Gabriel Vormstein’s material gestures – his effortless watercolour sketches on re-used newsprint or the totemic objects made out of branches and found objects – appear quite laconic and ephemeral. A rectangle made out of a few wooden branches seems hardly more than a few pieces of wood and a length of tape, yet, with some art historical information added, becomes a surprising take on Minimalism and display. Similarly, the carelessness of execution in the paintings seems slightly at odds with some of their motifs and sources, with the rich detail and the luscious surfaces that we all remember from the portraits by Egon Schiele or from flower still lifes. However, Vormstein’s paintings are about the experience of art, about looking at a surface and seeing something other than just paint. They contain a memory of art, a youthful fascination with beauty past, and translate that into a contemporary expression.
Vormstein draws and paints on sheets of newsprint, of mostly four newspaper double-spreads glued together. He sometimes primes these with emulsion paint but never disavows their nature – and so the graphic structure of headlines and columns, images and text becomes the sublayer of all his works.
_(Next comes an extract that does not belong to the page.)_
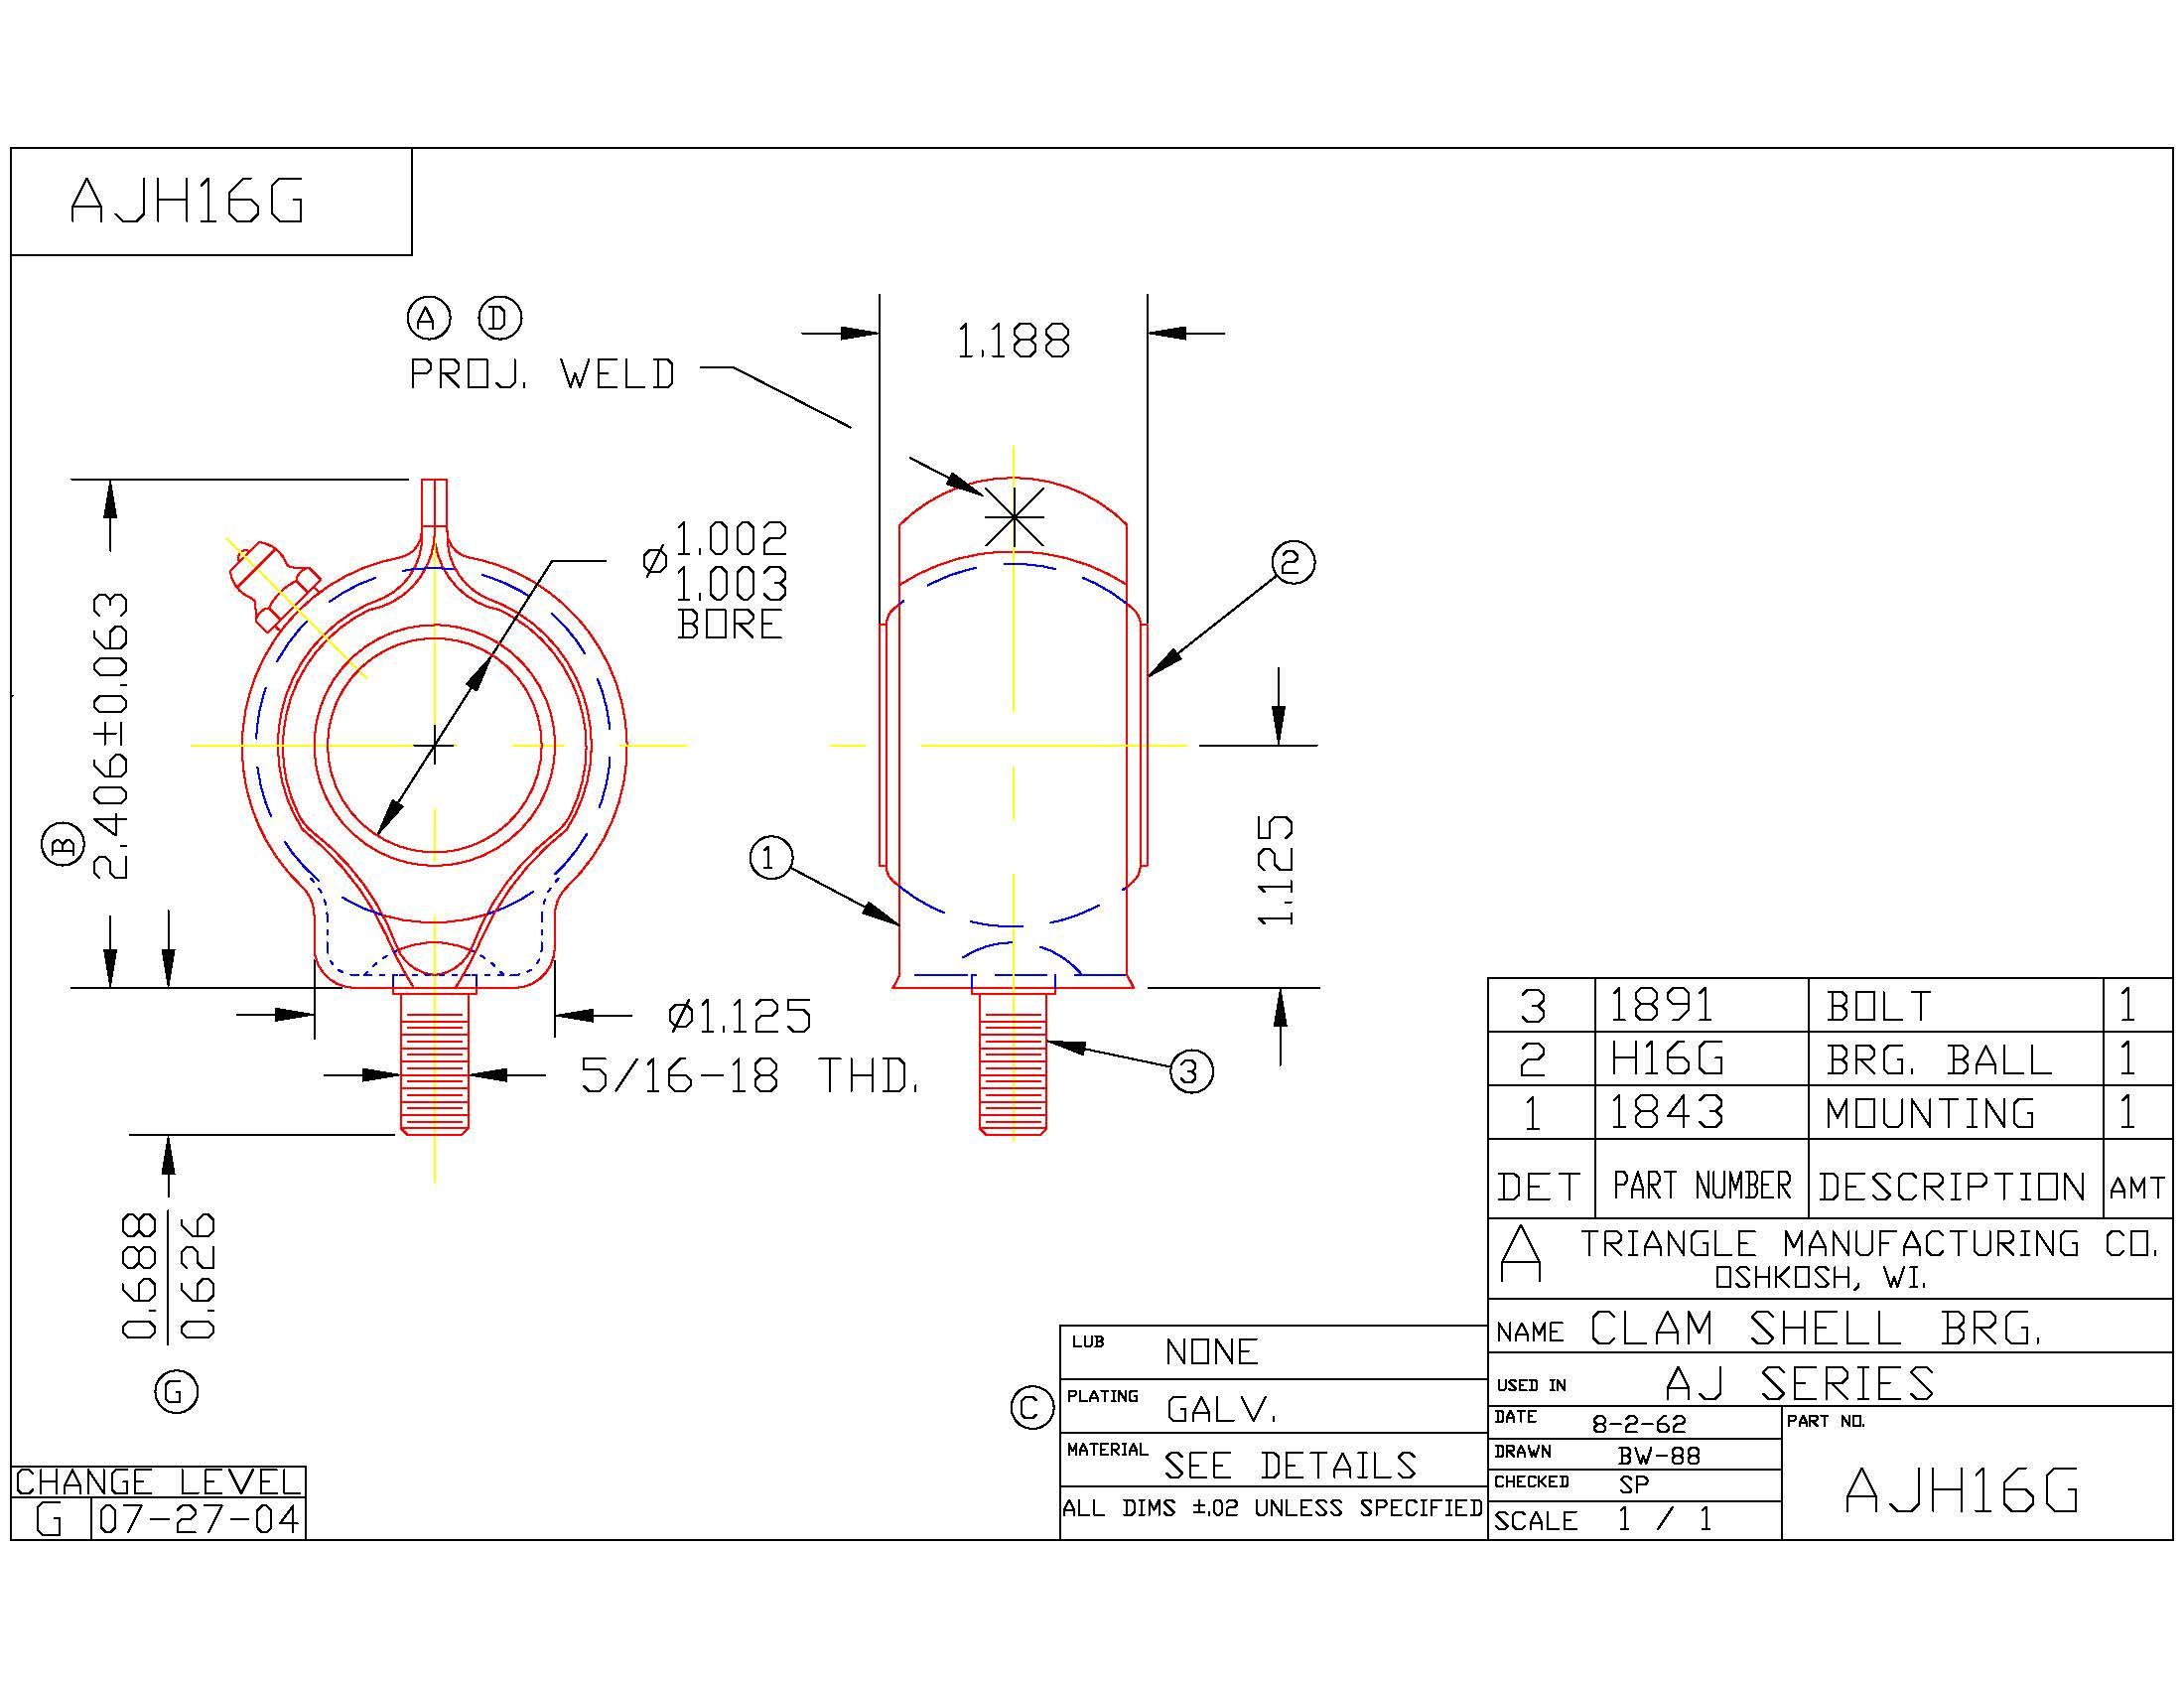 Clamshell Bearing AJH16G

He then draws on these with pencil and fills them with colour, sometimes adding further layers by collageing a background or creating a form. The birds in The Storm and the body of The Hungry Caterpillar are torn from previous, “failed” pieces, thus referencing the ‘masters’ and reanimating his own ongoing involvement.
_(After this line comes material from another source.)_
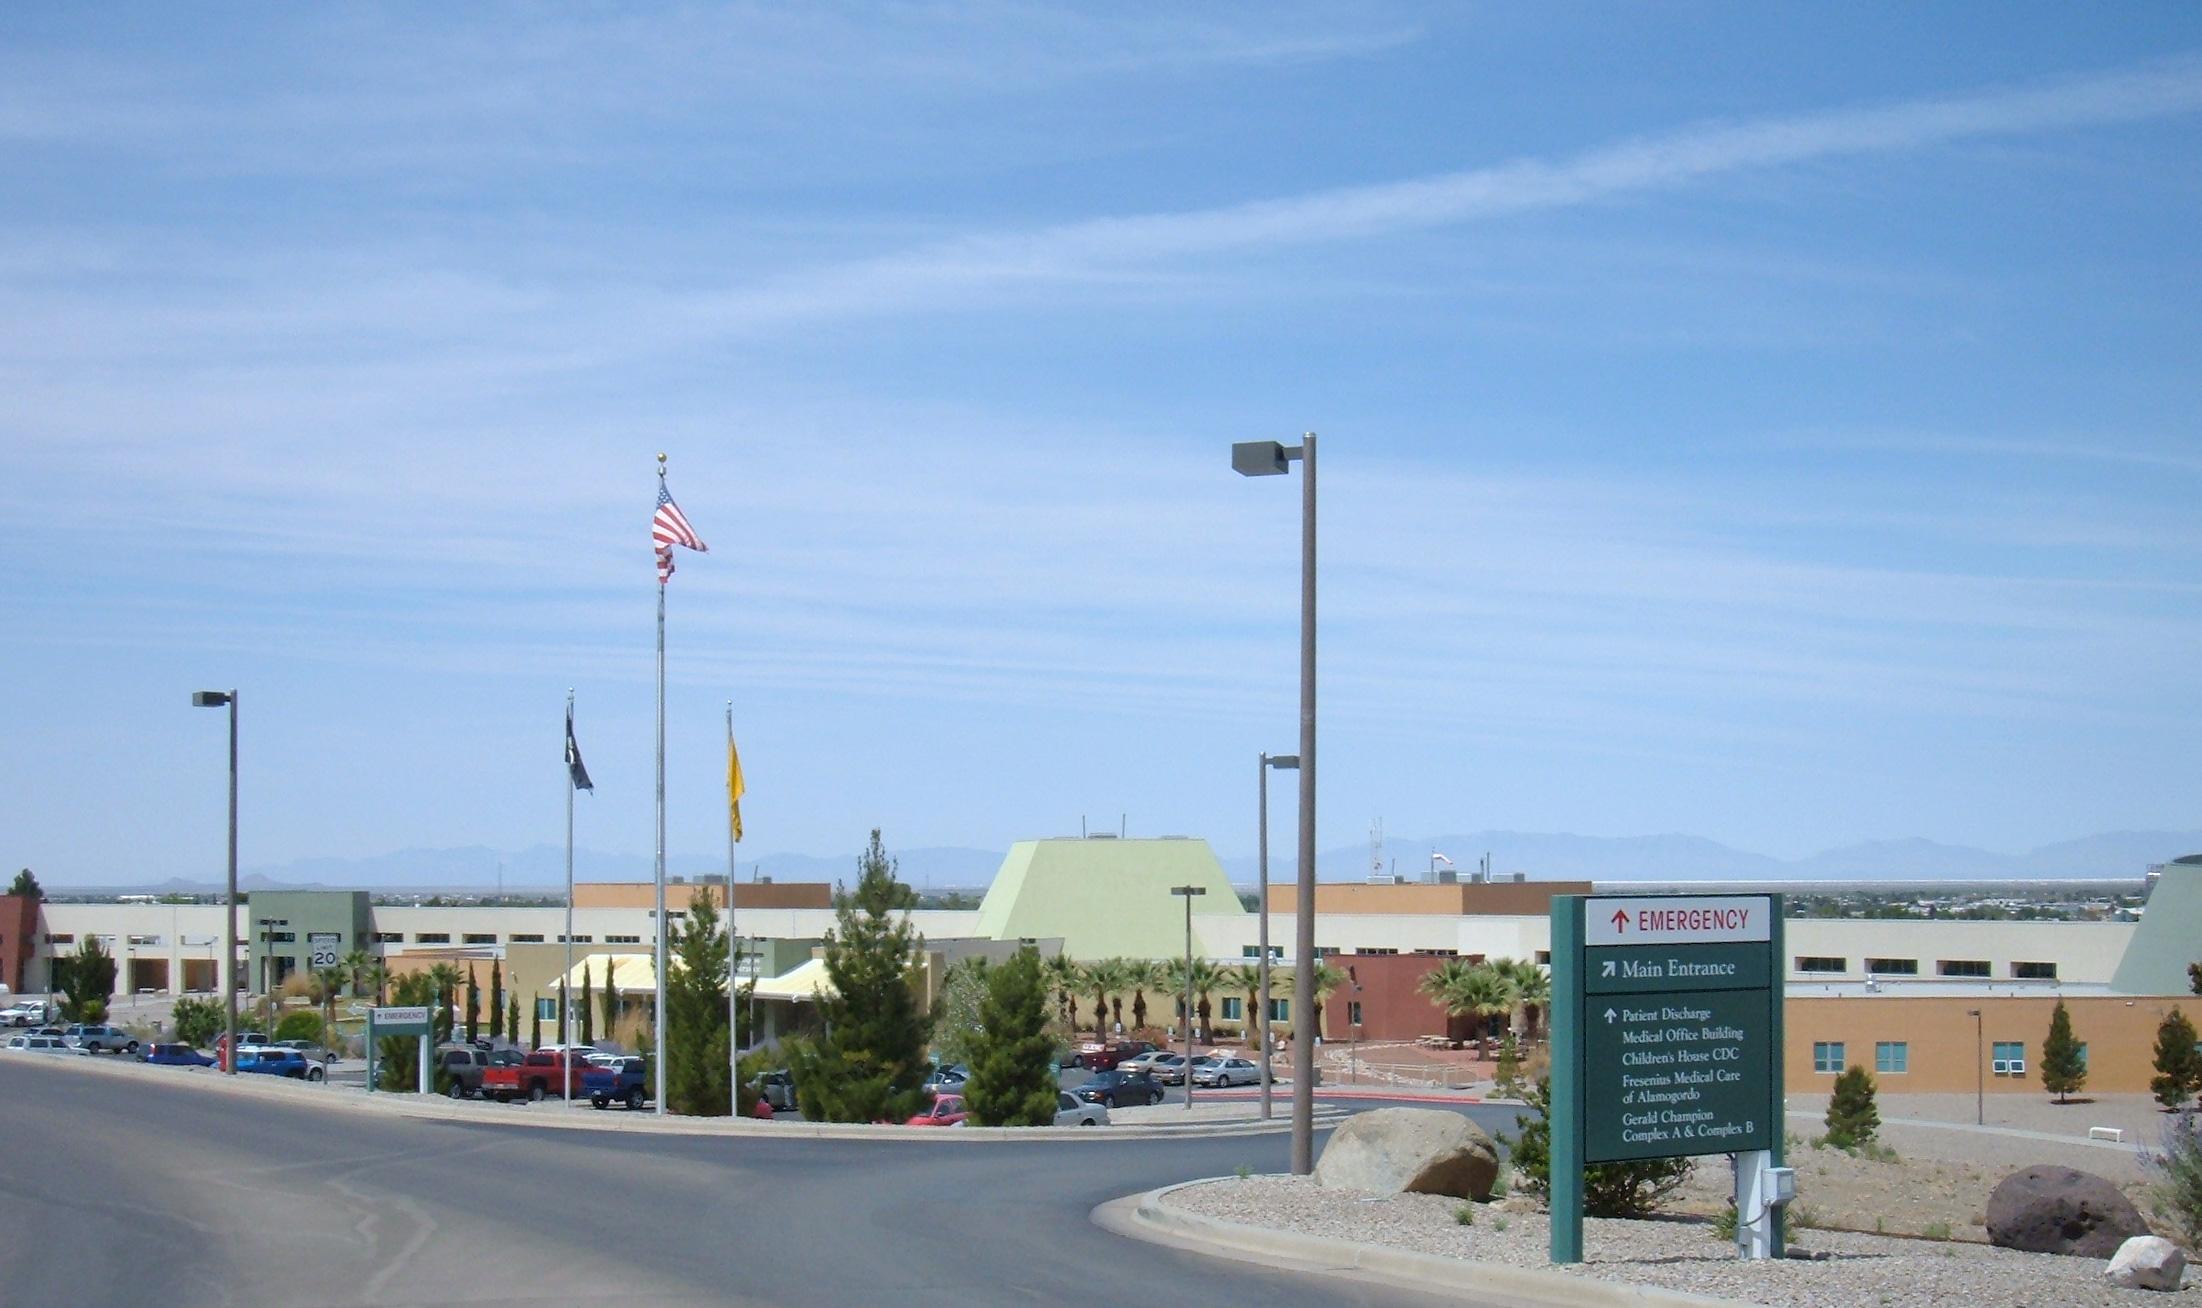 Gerald Champion Regional Medical Center Emergency Room

It is a long process of negotiation. Schiele plays a significant part in this, he is inspiration and at the same time the embodiment of art. Vormstein quotes his figures and uses them as a marker, he refers to their historicity and to the theme of vanitas. In She’s not dead, he outlines one of Schiele’s female figures in pencil, and then adds colour only to what is not her skin, her hair, her dress and stockings, her lipstick and eyes, almost as if she herself had become invisible – a faint memory of a woman who must have died many years ago. The watercolours around her have mixed and bled, they dried in the ‘waves’ of the warped paper and bear hardly any resemblance to the carefully painted original. Yet still, she is there and highly visible, and She’s not dead at all! In Catch up, he again references a painting, this time by Francis Picabia, Catch as Catch Can (1913), that provided the name for this exhibition. Already in the cubist original, Picabia combined forms from wrestling and dance, and Vormstein is now re-aligning traces of that fusion of cultural experiences into the multitude of divergent experiences we are facing today.